> _Provided data_:

#####

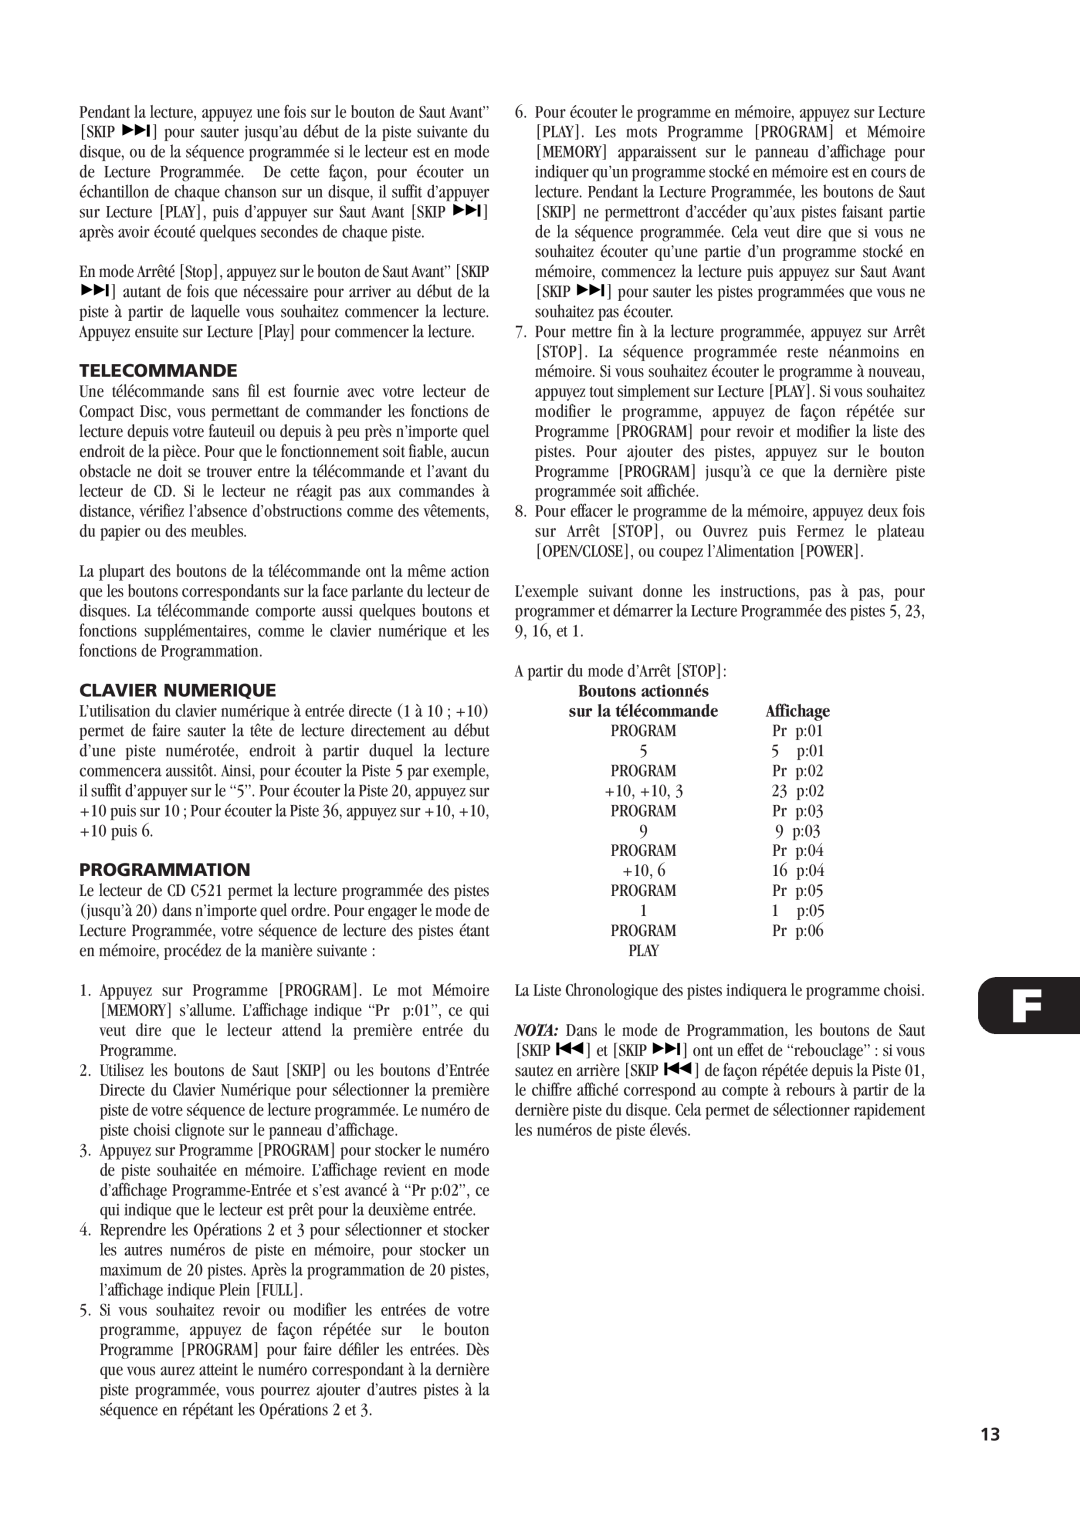 NAD C521 owner manual Telecommande, Clavier Numerique, Programmation 
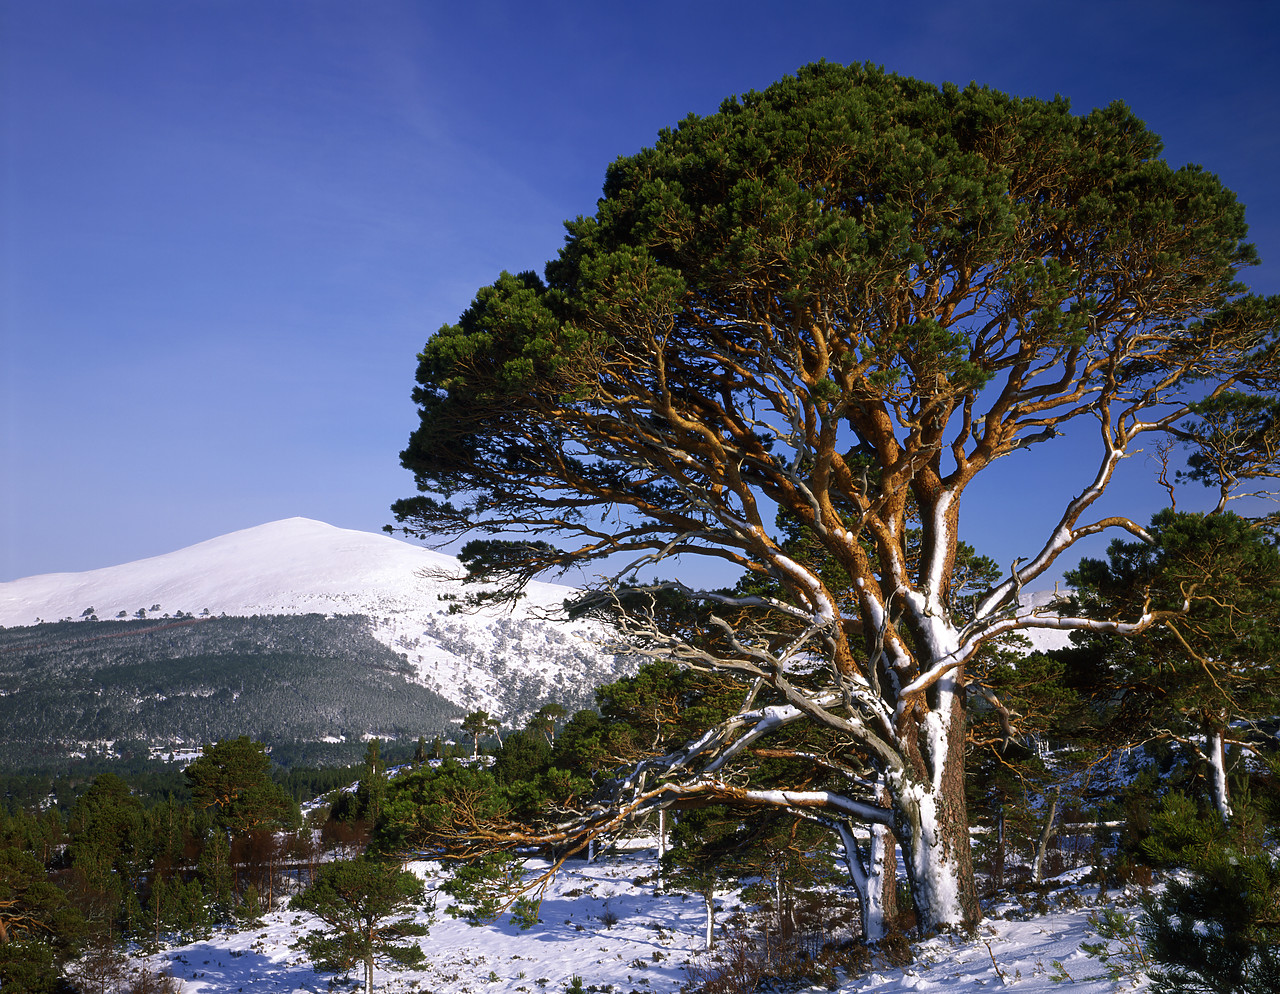 #990046-6 - Scots Pines in Winter near Aviemore, Highland Region, Scotland
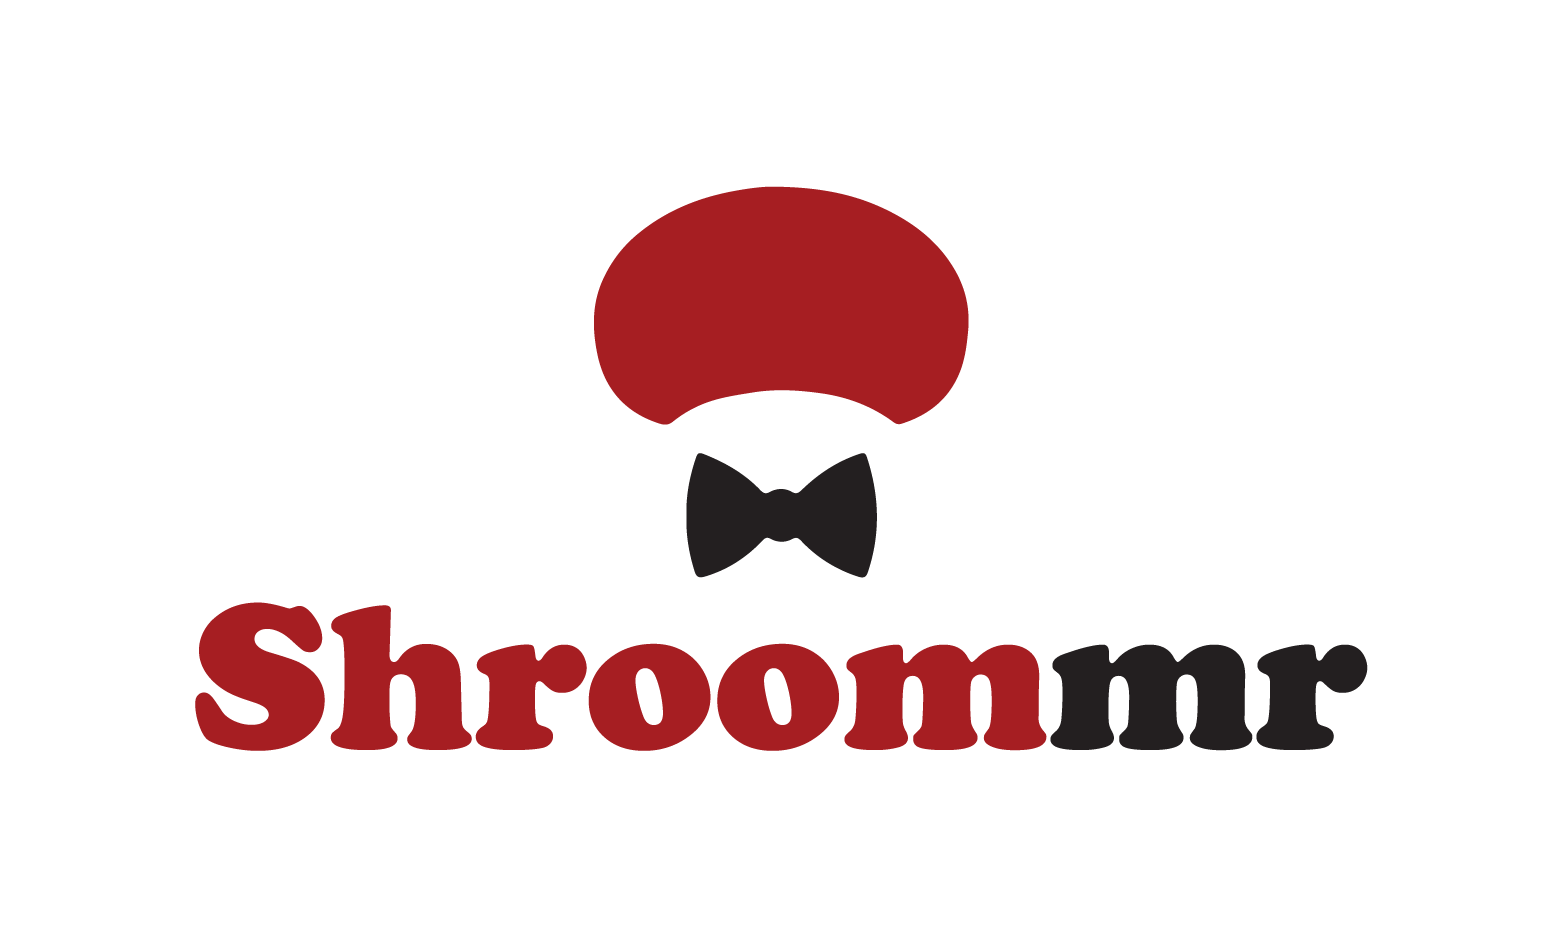 Shroommr.com - Creative brandable domain for sale

#####

> _About this task_: Write out everything in the data word for word. Omit each picture.

> _Reply_:
 NAD C521 owner manual Telecommande, Clavier Numerique, Programmation 
 #990046-6 - Scots Pines in Winter near Aviemore, Highland Region, Scotland
 Shroommr.com - Creative brandable domain for sale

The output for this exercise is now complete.